Switzerland entirely
demoralises the judgment of a gourmet, for its mountain air gives it
undue advantages over most other countries, and an abundant appetite has
a way of paralysing all the finer critical faculties.
At one period all hotels in Switzerland were "run" on one simple, cheap,
easy plan. There were meals at certain hours, there was a table in the
big room for the English, another for the Germans, and another for mixed
nationalities. If any one came late for a meal, so much the worse for
him or her, for they had to begin at the course which was then going
round.
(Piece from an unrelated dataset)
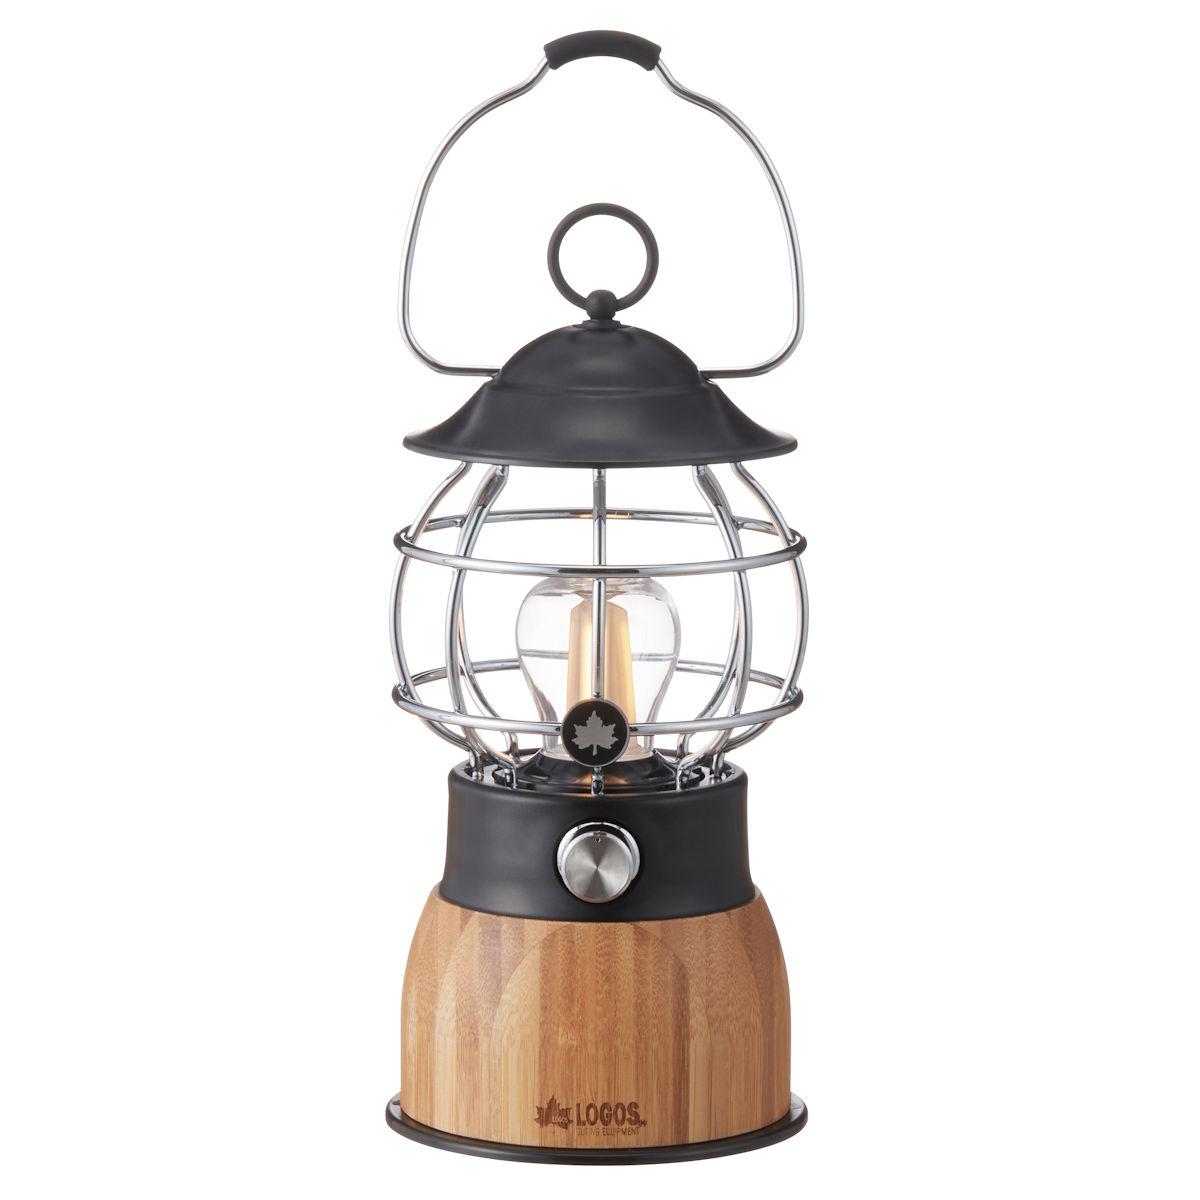 ロゴス(LOGOS) LED・電球ランタン Bamboo コテージランタン 74175016 ランタン キャンプ アウトドア

If travellers appeared when dinner was half over, they had to
wait till it was quite finished; and then, as a favour, the
_maitre-d'hotel_ would instruct a waiter to ask the cook to send the
late comers in something to eat, which was generally some of the relics
of the just-completed feast, the odours of which still hung about the
great empty dining-hall.
I fancy that it is a matter of history that M. Ritz, who has since
become the Napoleon of hotels, coming as manager to the National at
Lucerne and finding this system in practice, put an end to it at once
and started the restaurant there, which was and is quite first class.
Whether some one else was making history at the Schweitzerhof at the
same time in the same way I do not know, but the two hotels have run
neck and neck in the excellence of their restaurants, and not only are
they first rate, but, as is always the case, the average of the cooking
at the other hotels has gone up in sympathy, as the doctors would say,
with the two leading caravanserais, and one usually finds that any one
who has stayed at Lucerne has a good word to say for his hotel.